Does that mean you have to vegetable someone to the cops about grass?
****
Thanks to one of my favourite annual competitions, we have no need to stray from the wonderful wold of the absurd.
Once again, the estimable The Bookseller magazine has invited libraries, publishers, agents and ...yes... booksellers to submit their choices for the award 'Oddest Book Title Of The Year.'
Ever since 'Proceedings Of The Second International Workshop On Nude Mice' ran away as winner of the first award in 1978, I have been enchanted by the whole affair. In 1985, at the height of militant feminism, the winner was 'Natural Bust Enlargement With Total Power: How To Increase The Other 90% Of Your Mind To Increase The Size Of Your Breasts'.
Personal politics still played a part in the following year's winner: 'Oral Sadism And The Vegetarian Personality', and stayed relevant all the way to 1990's winner, 'Lesbian Sadomasochism Safety Manual'.
Although last year's winner was the robustly original 'People Who Don't Know They Are Dead: How They Attach Themselves To Unsuspecting Bystanders And What To Do About It', my personal favourites are 2002's gloriously titled winner: 'Living with Crazy Buttocks' and 2004's plainly bizarre and brazenly enigmatic 'Bombproof Your Horse'.
Why not join in the fun, and vote for this year's winner at www.thebookselller.com?
Refreshingly, the actual content of the book is wholly irrelevant. All you must concern yourself with is the book's title, and to help you with this, I print below this year's official shortlist.
And before you ask, yes, they are all real, and have all been published in the last year. Choose between:
'D DI Mascio's Delicious Ice Cream: D Di Mascio Of Coventry - An Ice Cream Company Of Repute, With An Interesting And Varied Fleet Of Ice Cream Vans' by Roger de Boer.
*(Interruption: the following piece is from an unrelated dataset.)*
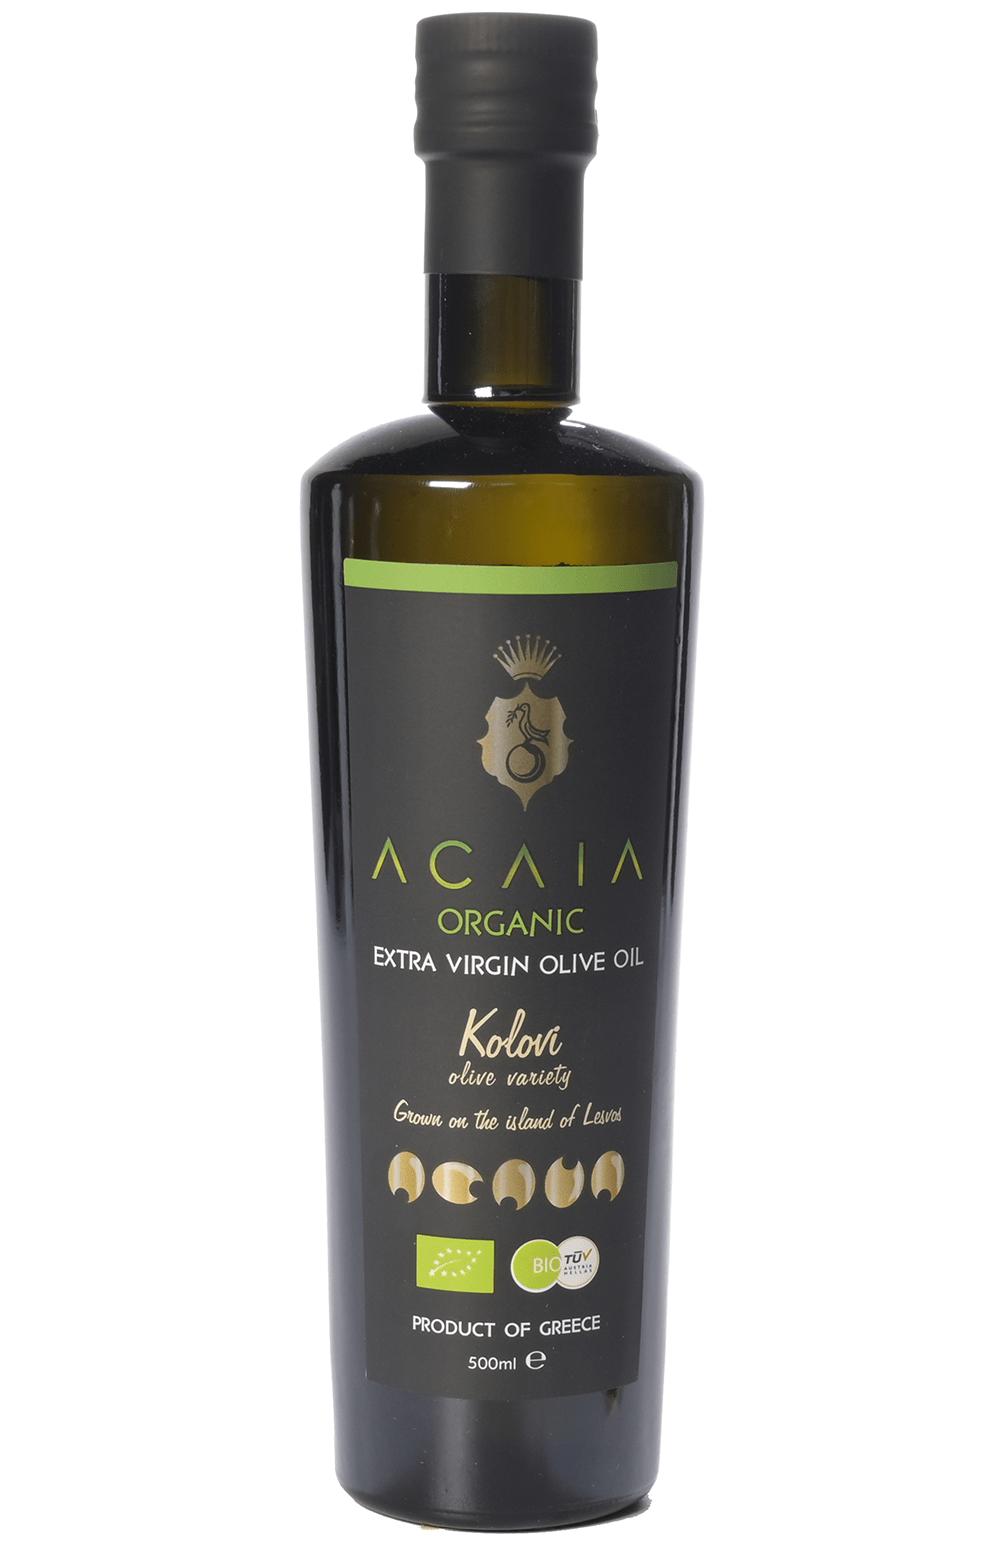 Acaia Organic

Yes, you guessed correct. It's an ice cream history of Coventry.
'How Green Were The Nazis?' by Franz-Josef Bruggemeier, Mark Cioc and Thomas Zeller, which offers an environmental perspective on the Third Reich.
'The Stray Shopping Carts Of Eastern North America: A Guide To Field Identification' by Julian Montague is described by its publishers as a way '...to comprehend the complex relationship between (shopping) cart and landscape.'
Let's invite them over to check out the contents of Irish canals for Volume Two!
'Tattooed Mountain Women And Spoon Boxes Of Daghestan' by Robert Chenciner, Gabib Ismailov, Magomedkhan Magomedkhanov and Alex Binnie. This baby is self-explanatory, as much as it also completely defies explanation.
'Proceedings of The 18th International Seaweed Symposium' has so many editors I cannot name one, and finally, a rather cheerful little tome entitled:
'Better Never To Have Been: The Harm of Coming Into Existence' by David Benatar.
Have fun, vote wisely, and never ever forget the wonder and wisdom awaiting those who revel and romp in the absurd.